Month: February 2021

Family Caregivers, Routinely Left Off Vaccine Lists, Worry What Would Happen ‘If I Get Sick’

Robin Davidson entered the lobby of Houston Methodist Hospital, where her 89-year-old father, Joe, was being treated for a flare-up of congestive heart failure.

Before her stretched a line of people waiting to get covid-19 vaccines. “It was agonizing to know that I couldn’t get in that line,” said Davidson, 50, who is devoted to her father and usually cares for him full time. “If I get sick, what would happen to him?”

Tens of thousands of middle-aged sons and daughters caring for older relatives with serious ailments but too young to qualify for a vaccine themselves are similarly terrified of becoming ill and wondering when they can get protected against the coronavirus.

Like aides and other workers in nursing homes, these family caregivers routinely administer medications, monitor blood pressure, cook, clean and help relatives wash, get dressed and use the toilet, among many other responsibilities. But they do so in apartments and houses, not in long-term care institutions — and they’re not paid.

“In all but name, they’re essential health care workers, taking care of patients who are very sick, many of whom are completely reliant upon them, some of whom are dying,” said Katherine Ornstein, a caregiving expert and associate professor of geriatrics and palliative medicine at Mount Sinai’s medical school in New York City. “Yet, we don’t recognize or support them as such, and that’s a tragedy.”

The distinction is critically important because health care workers have been prioritized to get covid vaccines, along with vulnerable older adults in nursing homes and assisted living facilities. But family members caring for equally vulnerable seniors living in the community are grouped with the general population in most states and may not get vaccines for months.

The exception: Older caregivers can qualify for vaccines by virtue of their age as states approve vaccines for adults ages 65, 70 or 75 and above. A few states have moved family caregivers into phase 1a of their vaccine rollouts, the top priority tier. Notably, South Carolina has done so for families caring for medically fragile children, and Illinois has given that designation to families caring for relatives of all ages with significant disabilities.

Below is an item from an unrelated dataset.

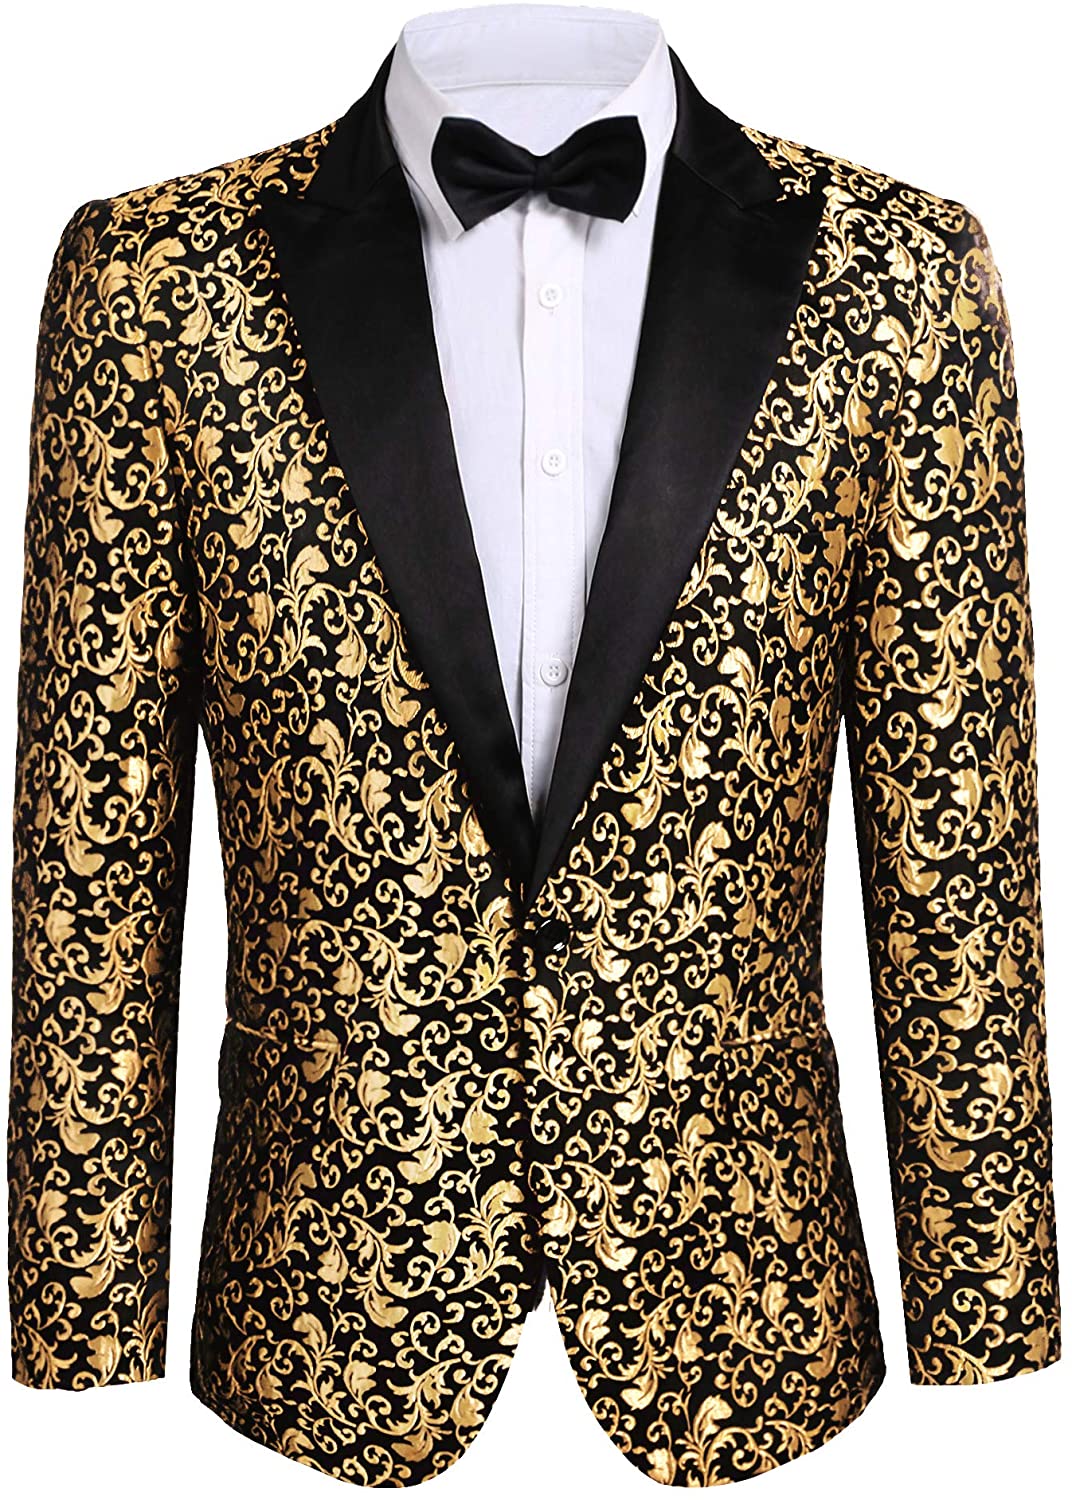 Clothing Suit Jackets JINIDU Men's Floral Party Dress Suit Stylish ...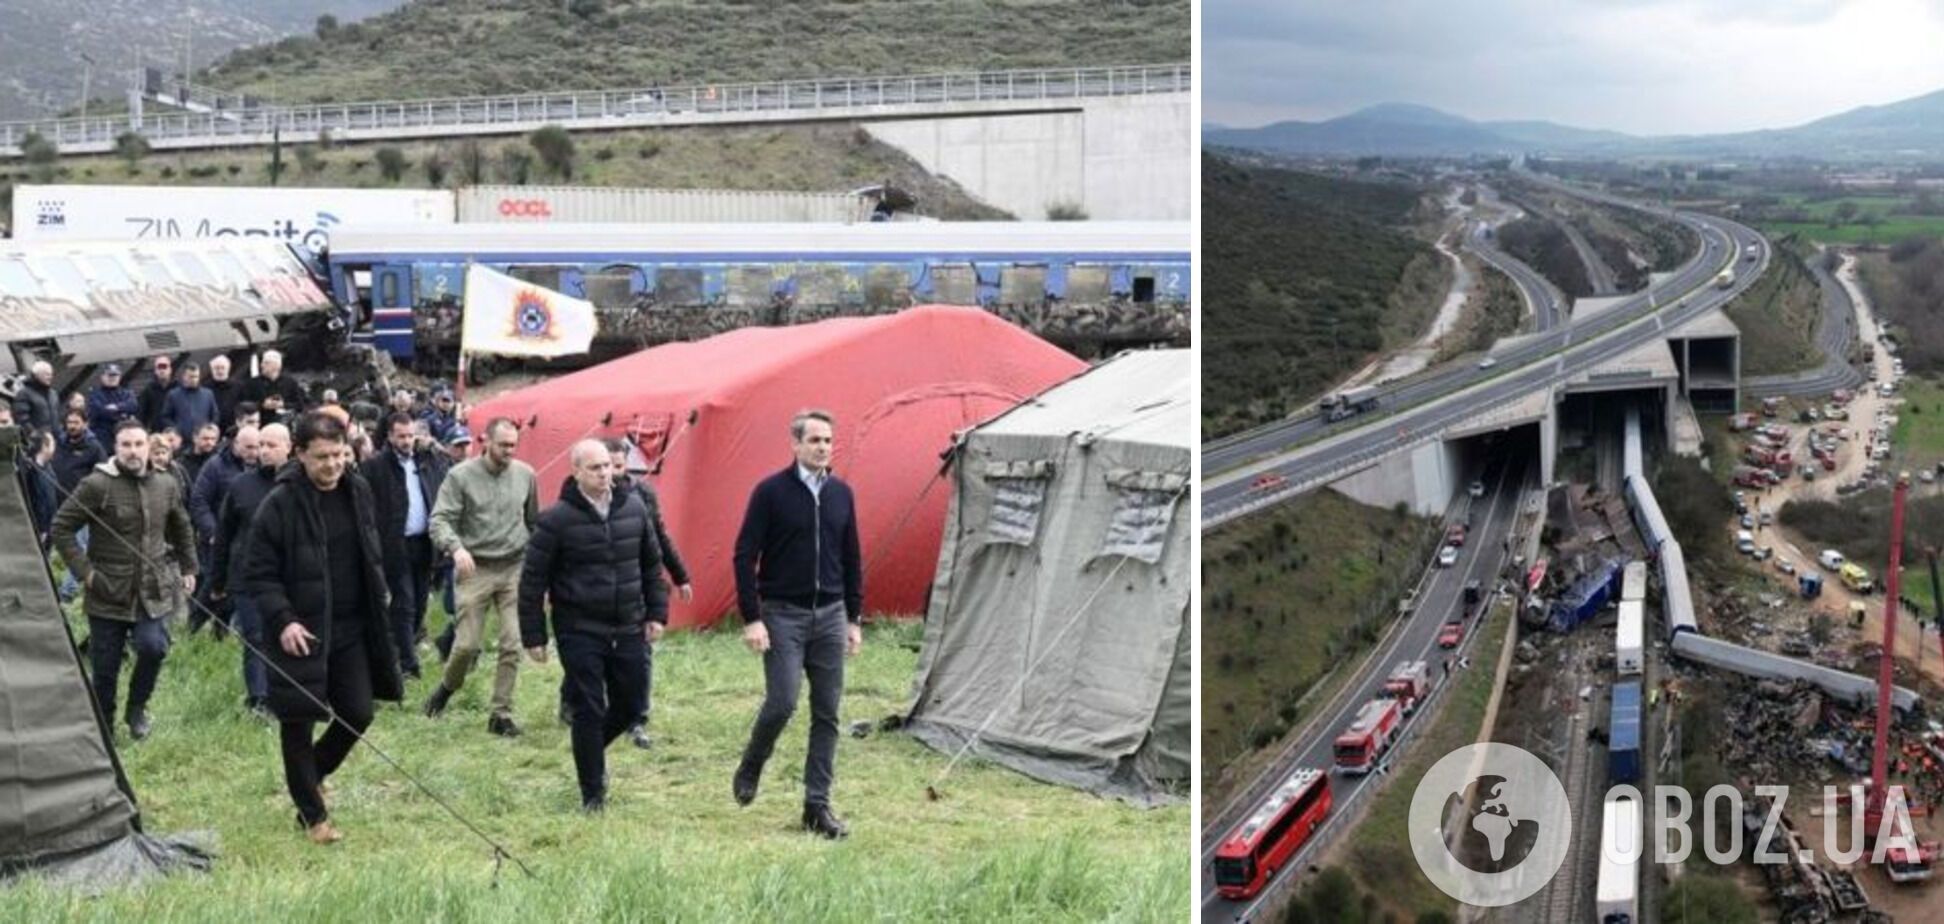 В Греции назвали причину столкновения поездов, в результате которого погибли 43 человека: в стране объявлен траур. Фото

Arizona is also trying to accommodate caregivers who accompany older residents to vaccination sites, Dr. Cara Christ, director of the state’s Department of Health Services, said Monday during a Zoom briefing for President Joe Biden. Comprehensive data about which states are granting priority status to family caregivers is not available.

Meanwhile, the Department of Veterans Affairs recently announced plans to offer vaccines to people participating in its Program of Comprehensive Assistance for Family Caregivers. That initiative gives financial stipends to family members caring for veterans with serious injuries; 21,612 veterans are enrolled, including 2,310 age 65 or older, according to the VA. Family members can be vaccinated when the veterans they look after become eligible, a spokesperson said.

“The current pandemic has amplified the importance of our caregivers whom we recognize as valuable members of Veterans’ health care teams,” Dr. Richard Stone, VA acting undersecretary for health, said in the announcement.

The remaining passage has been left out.